As I said, this _plays_ perfectly. Notes shut off as they should and everything is cool. It's only the virtual Kontakt keyboard that displays stuck notes, and that only happens when $shift # 0. (The virtual keyboard is fine if there is no shift.)

If I make the $oldnoteid variable polyphonic, I stop getting stuck notes,but then the note_off command ceases to work, most likely because $oldnoteid is no longer the "old note."

Any thoughts on how to get that virtual keyboard to behave?


----------



## Big Bob (Nov 25, 2011)

Hi Mike,

This is a very old problem with using *change_note*. Many years ago I found a couple of hoaky ways to fix this but right off hand I don't remember the details.

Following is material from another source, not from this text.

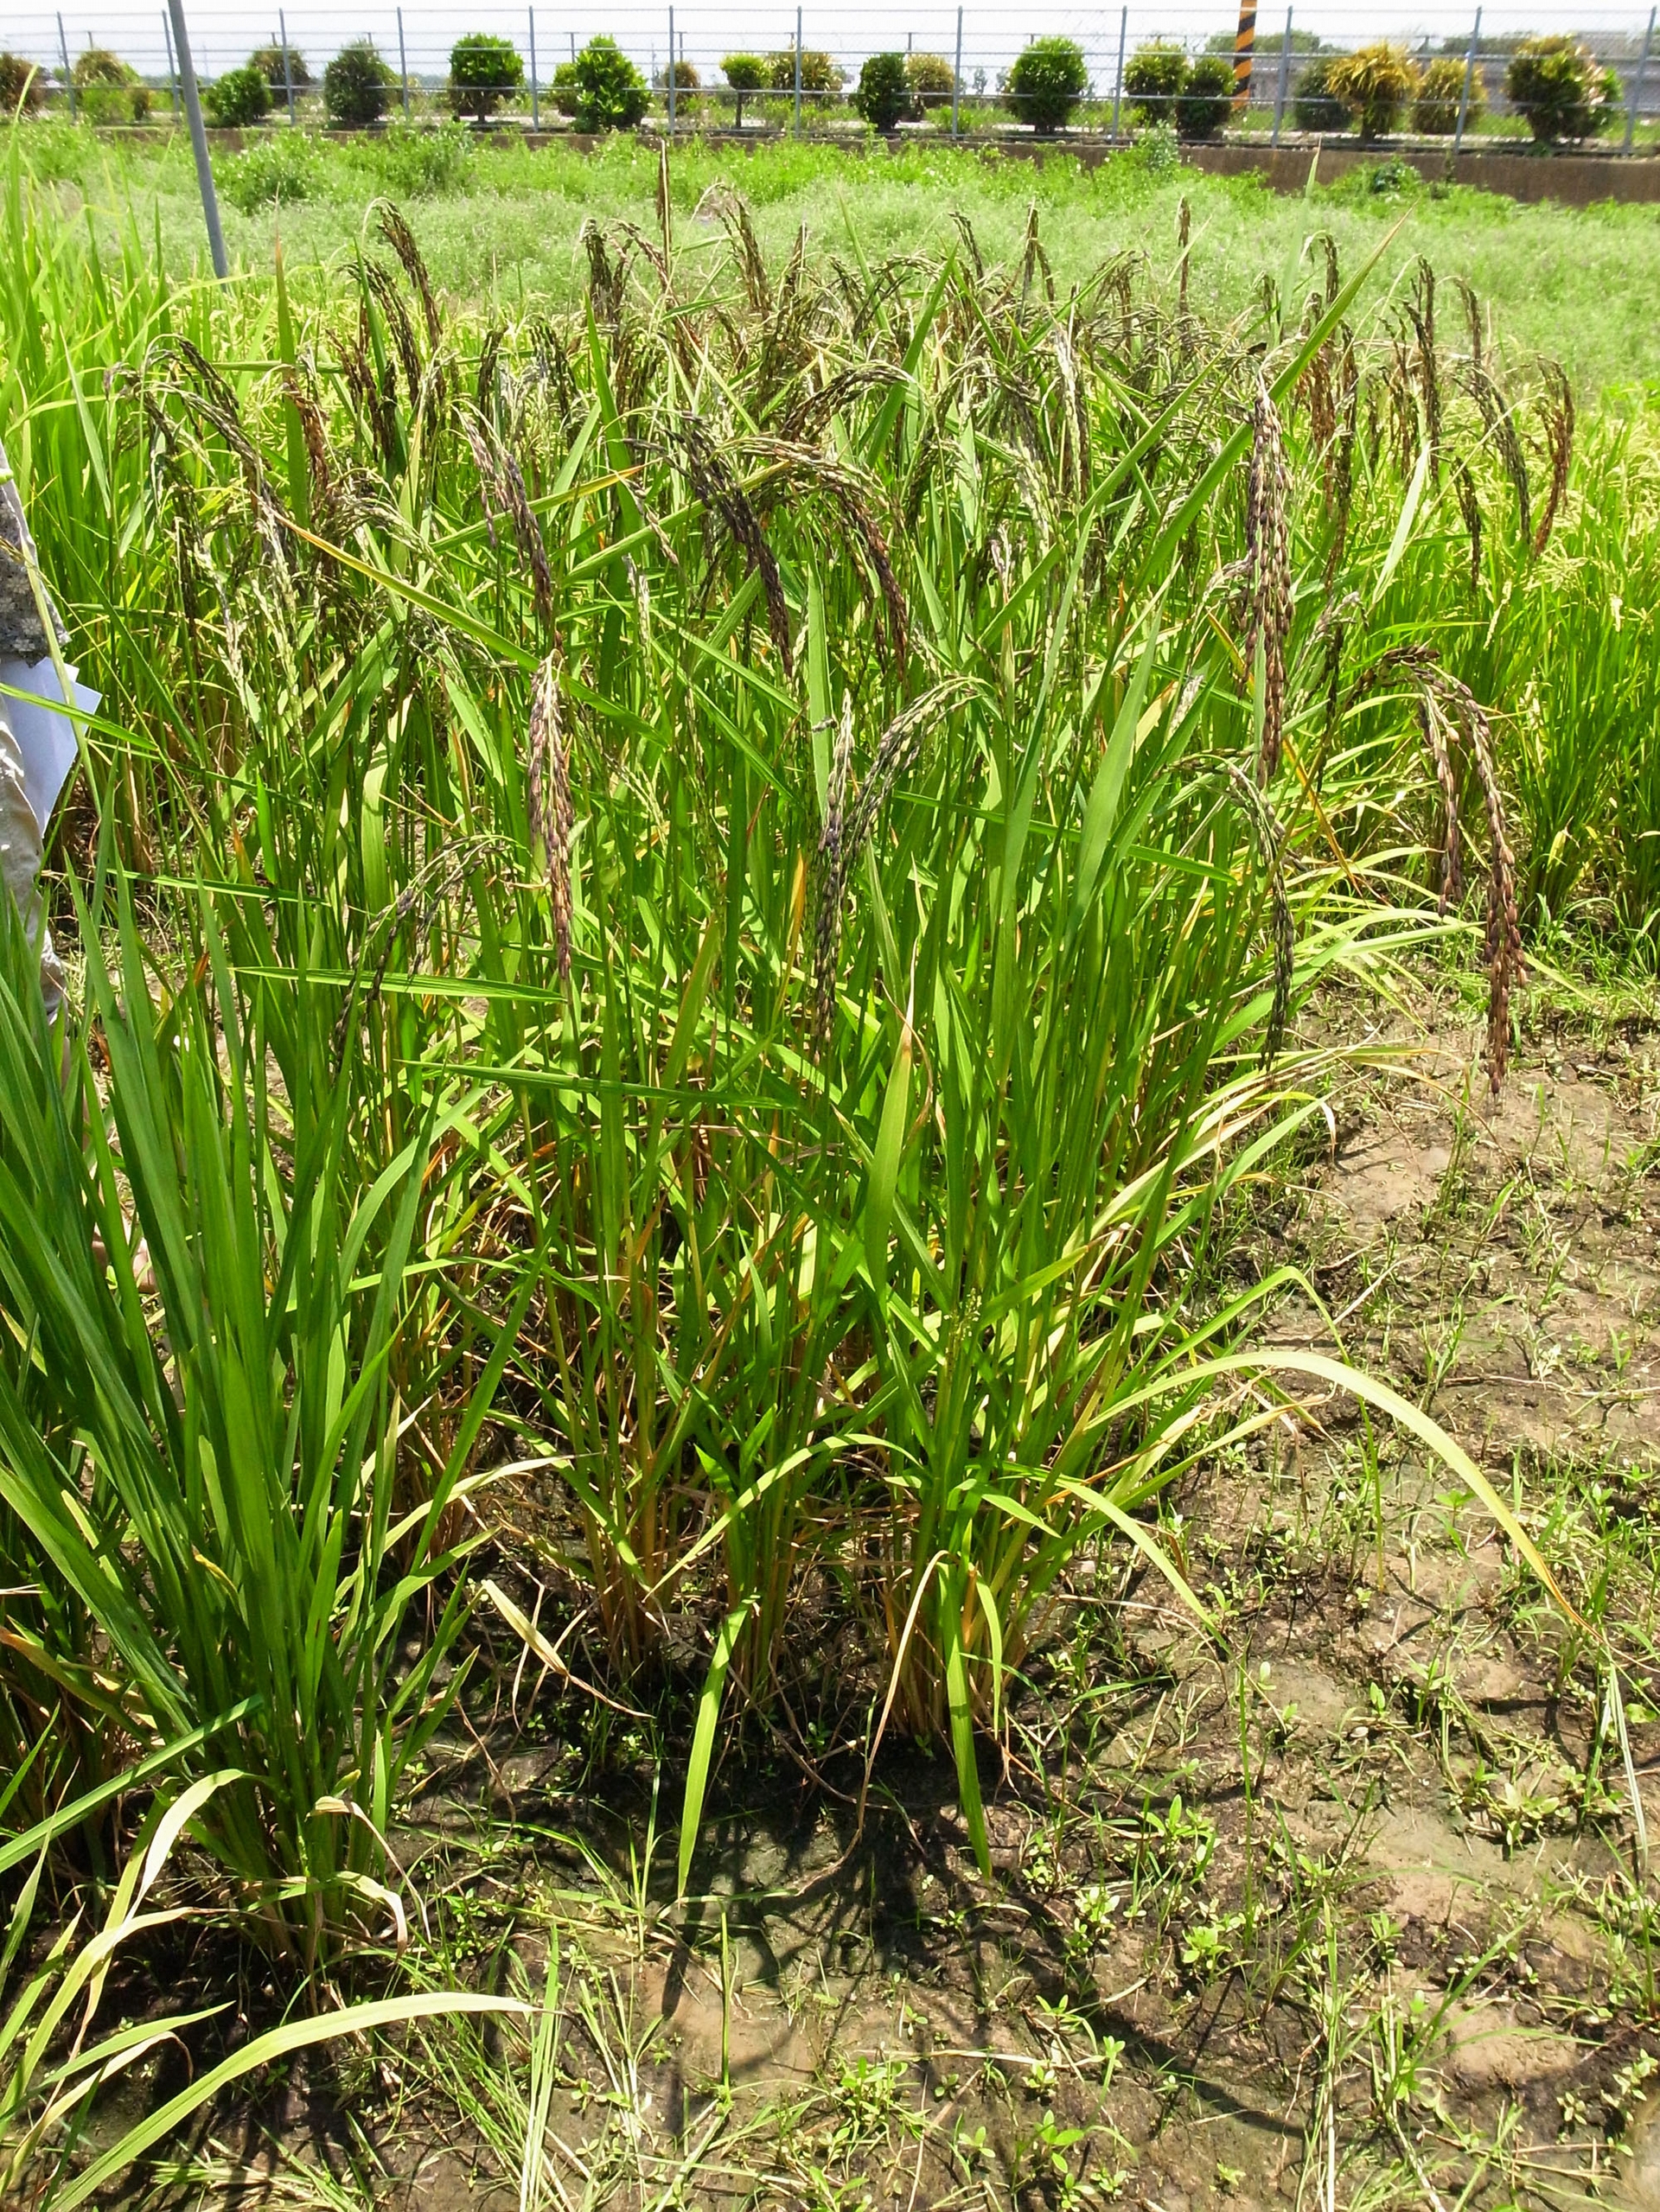 圖為山地陸稻。陸稻和水稻都是亞洲栽培稻 (Oryza sativa)，只是種在水田的叫水稻，種植在旱地的就是陸稻了。 <br>圖片來源│邢禹依

Let me roll this around in my head for a while and I may be able to recall something. :roll: If I do, I'll post it (that is if no one else rises to the occasion in the meantime). :lol: 

Rejoice,

Bob


----------



## ScoringFilm (Nov 26, 2011)

You could have a 'ghost note' blip at zero velocity to turn it off - messy but it will work.

Justin


----------



## polypx (Nov 26, 2011)

I seem to remember if you use a new play_note instead of a change_note, then this problem doesn't happen. But remember to adjust your poly count if you do that.


----------



## Big Bob (Nov 26, 2011)

I finally remembered where I ran into this, it was when writing the orignal Ultra TKT Script. Both Justin and Dan have already provided the two key ideas that will allow you to circumvent this problem.

Simply stated, the problem arises because Kontakt apparently waits for a RCB of the 'original' note before it lifts the key on its display. So, when you change the original note in the NCB, the RCB that occurs when that note ends is now a different note.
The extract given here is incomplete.